Fenoldopam, a selective dopamine1 receptor agonist, has been recommended for induced hypotension because it effectively lowers arterial blood pressure and improves renal perfusion. We examined cardiovascular functions during hypotension induced by fenoldopam or sodium nitroprusside. In eight halothane-anesthetized dogs, the left ventricle (LV) was instrumented with pressure and ultrasonic dimension transducers for the assessment of LV contractility using the analysis of the pressure-diameter relationship. Blood flow distribution was measured by radioactive microspheres. Doses of fenoldopam and nitroprusside were titrated to reduce mean arterial blood pressure to 60 mm Hg.

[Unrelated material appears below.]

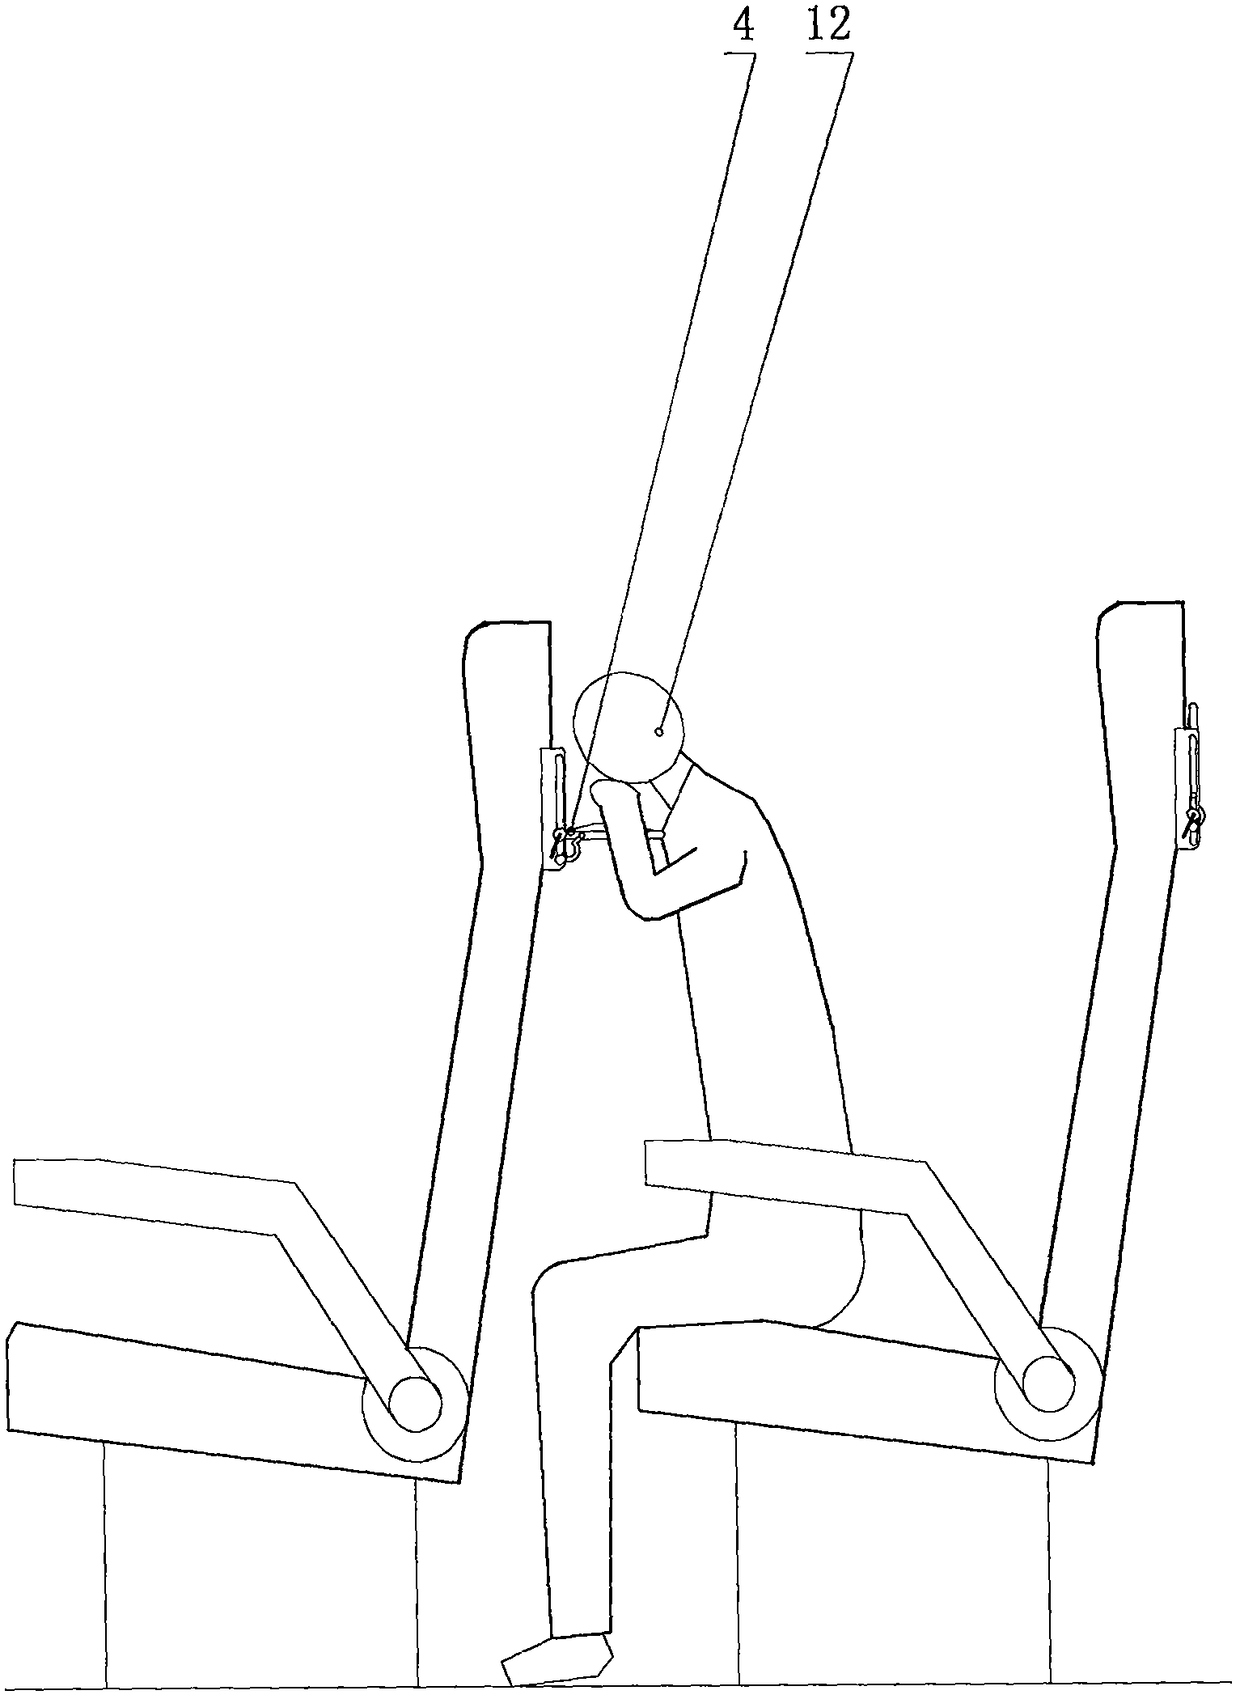 Prone-lying resting device for vehicle chair
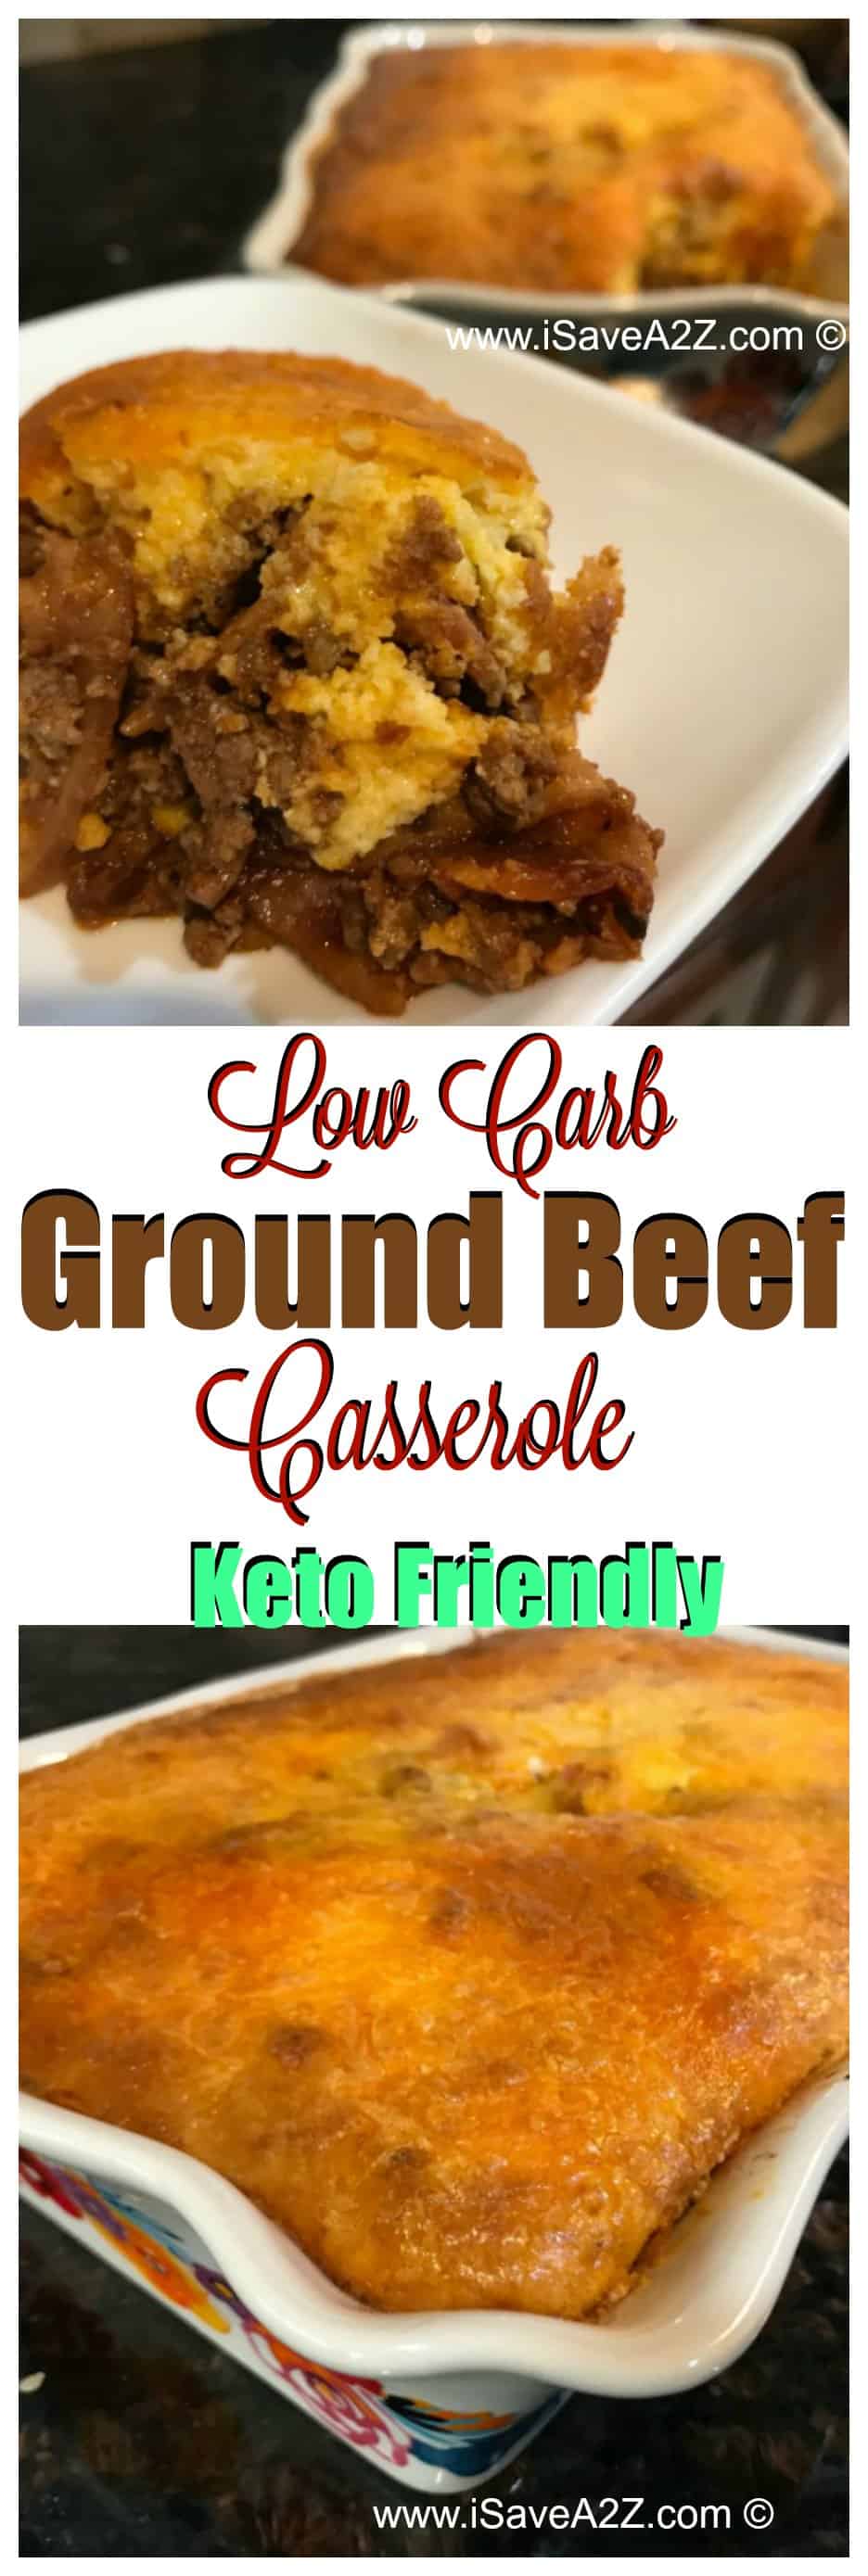 Low Carb Ground Beef Casserole Recipe that's Keto Friendly

After 40 min of hypotension, fenoldopam and nitroprusside caused similar increases in heart rate (17% ± 4% vs 19% ± 10%, respectively) and decreases in systemic vascular resistance (-24% ± 5% vs -27% ± 4%). Hypotension induced by fenoldopam was associated with higher LV end-diastolic pressure (4.4 ± 0.6 vs 2.5 ± 1.1 mm Hg) and end-systolic meridional wall stress (33.0 ± 4.3 vs 17.8 ± 2.1 g/cm2) when compared with nitroprusside. There were no significant changes in cardiac output and cardiac contractility as expressed by the slope (E(es)) of the LV end-systolic pressure-diameter relationship, velocity of shortening of the diameter, and percentage of wall thickening of the LV. In contrast to nitroprusside, which decreased renal blood flow from 197 ± 19 to 163 ± 15 mL/min, renal blood flow increased during fenoldopam-induced hypotension from 187 ± 20 to 239 ± 18 mL/min. The increase in renal perfusion was similar in upper, middle, and lower regions of the kidney; however, it was more in the medulla compared with the cortex (37% ± 17% vs 25% ± 7%). Both fenoldopam and nitroprusside decreased splenic blood flow, but neither altered flow to the brain, skin, or myocardium. Muscle and hepatic arterial blood flow were significantly less with fenoldopam than with nitroprusside. Fenoldopam was associated with significantly larger increases in plasma renin activity compared with nitroprusside. The results of this study show an increase in renal blood flow during fenoldopam infusion that may be of advantage particularly when renal hypoperfusion should be avoided.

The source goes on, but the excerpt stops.